Dr. Lynch did something no other search or content processing vendor serving the enterprise market was able to do. From the inception of Autonomy in 1996, he exhibited an uncanny knack for recognizing trends and incorporating solutions to information access problems on top of those trends. In the course of Autonomy’s trajectory from 1996 to 2011, Autonomy grew as a modern day roll up that generating almost $850 million in 2011.
I am supportive of a historical understanding of search and content processing. On one hand, Autonomy is now HP’s information processing prodigy. On the other hand, HP may not have the management or technical skills to build on Dr. Lynch’s work.
Oracle paid about $1 billion for Endeca, a system that dates from roughly the same era as Autonomy’s system. But HP paid $11 billion for Autonomy and discovered quickly that surviving and thriving in the odd universe of enterprise search and content processing is tough when the steering wheel is in its hands. Is Dr. Lynch on track when he suggests that his management team was more skilled than some realized?
Investigations into government contracting procedures are quite fascinating. I know from some of my past work that bureaucracies work in mysterious ways.

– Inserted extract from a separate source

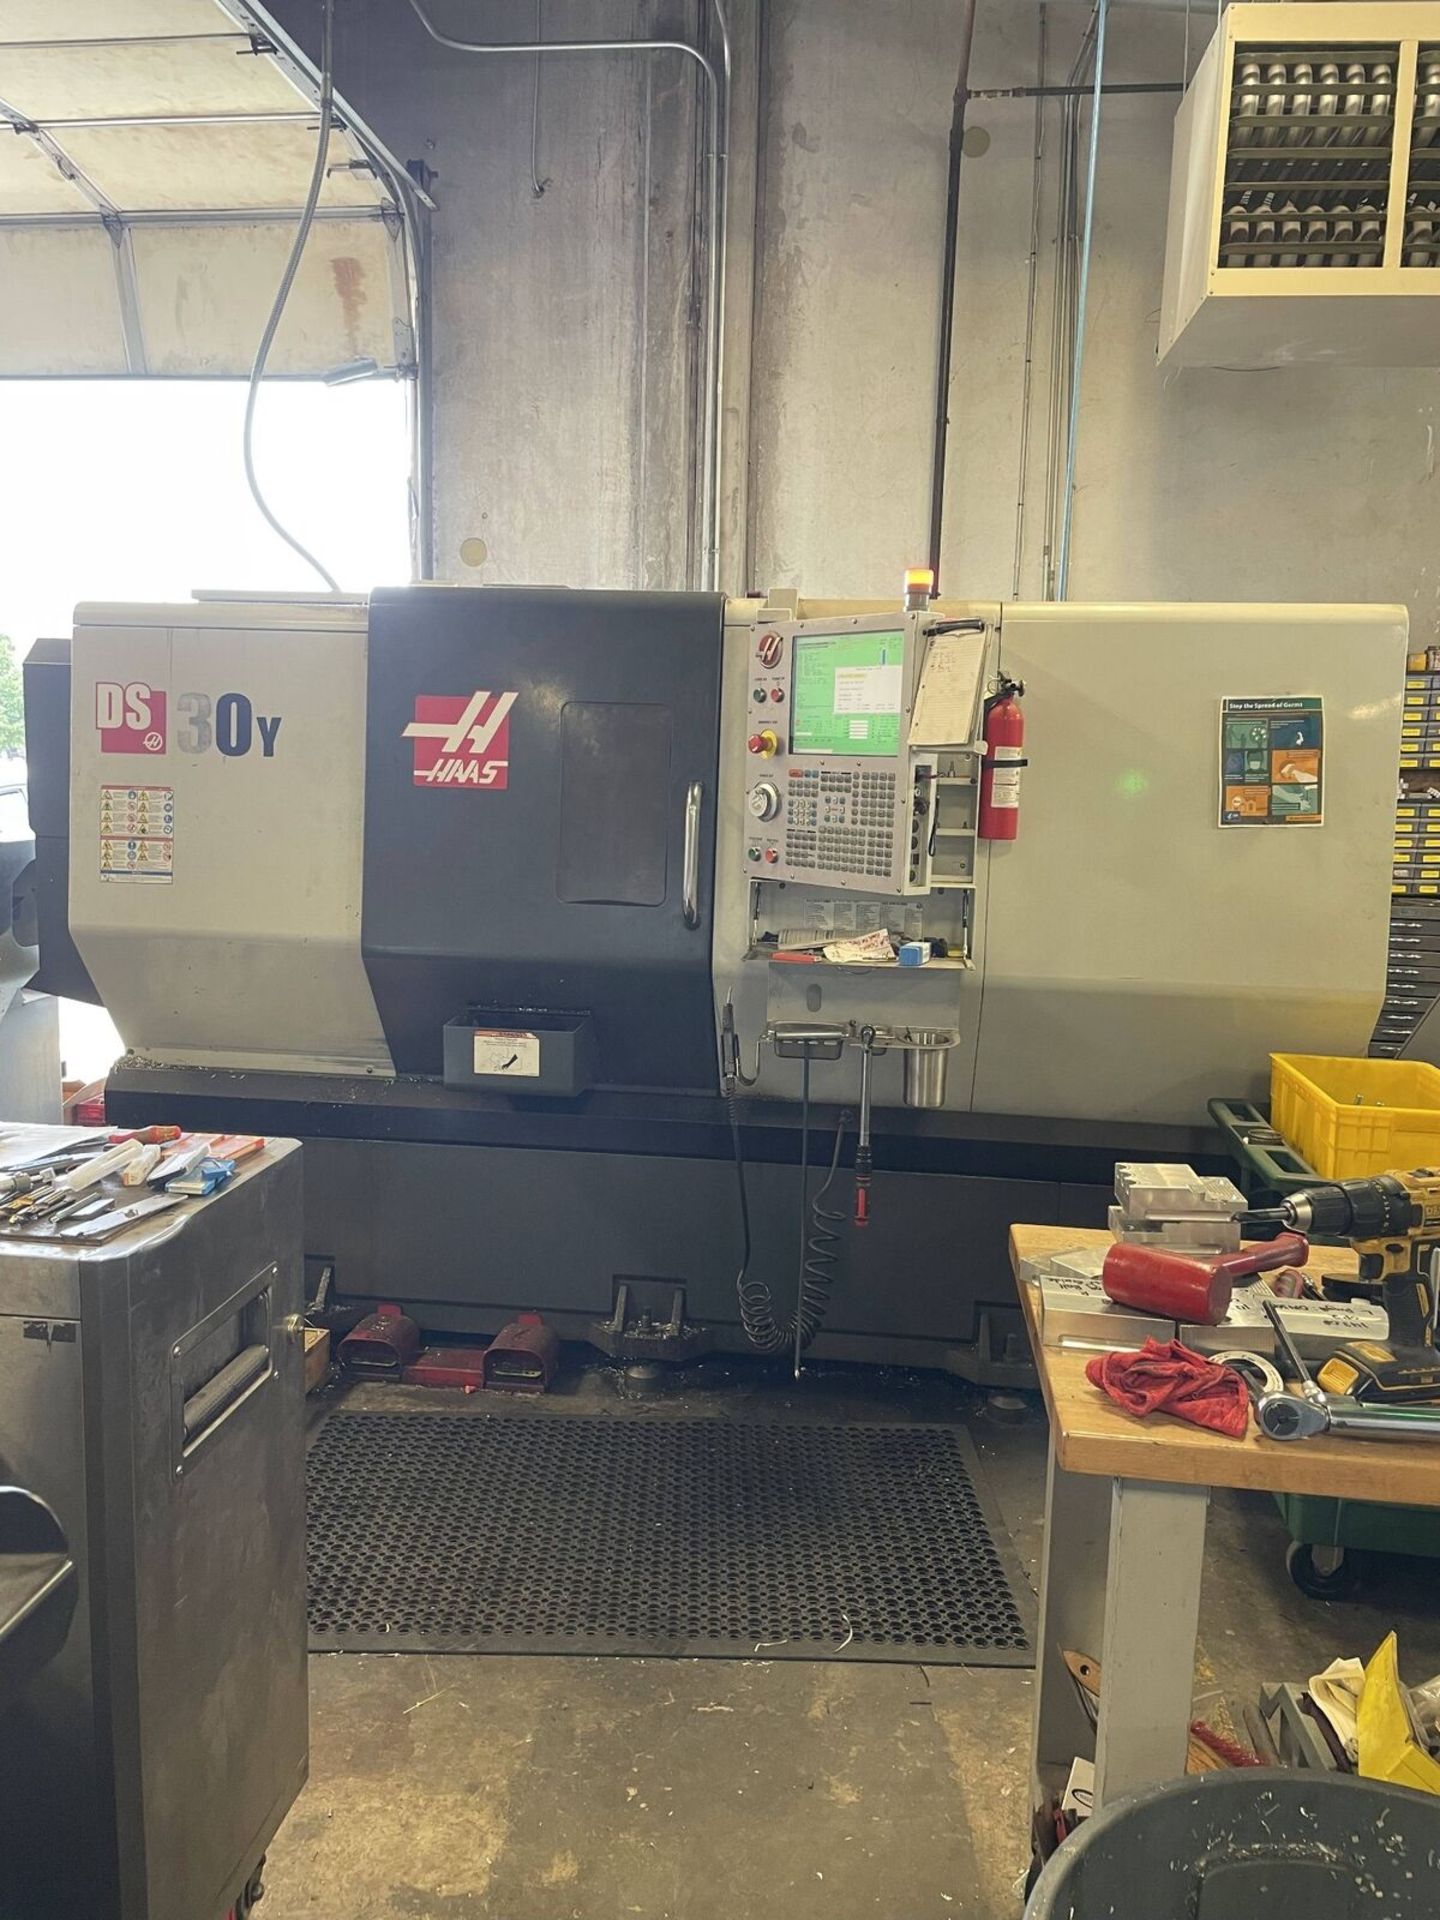 2012 HAAS DS30Y CNC Turning Center With Live Tooling/Dual Spindle/Bar Feeder - Image 2 of 18

Perhaps some of these mysteries will be revealed? On the other hand, some of the mysteries may never be known. Where are the Golden Fleece awards today? Do bureaucracies have teeth? Do bureaucracies protect their own? Do special interests exert influence? These are difficult questions.
Maybe there will be answers in 2014? On the other hand, there may be more public relations, content marketing, and spin. I hope those involved with the matter dig into Bayes-Laplace methods, Shannon information theory, and Linear Weight Networks. The methods can help separate noise from high value information.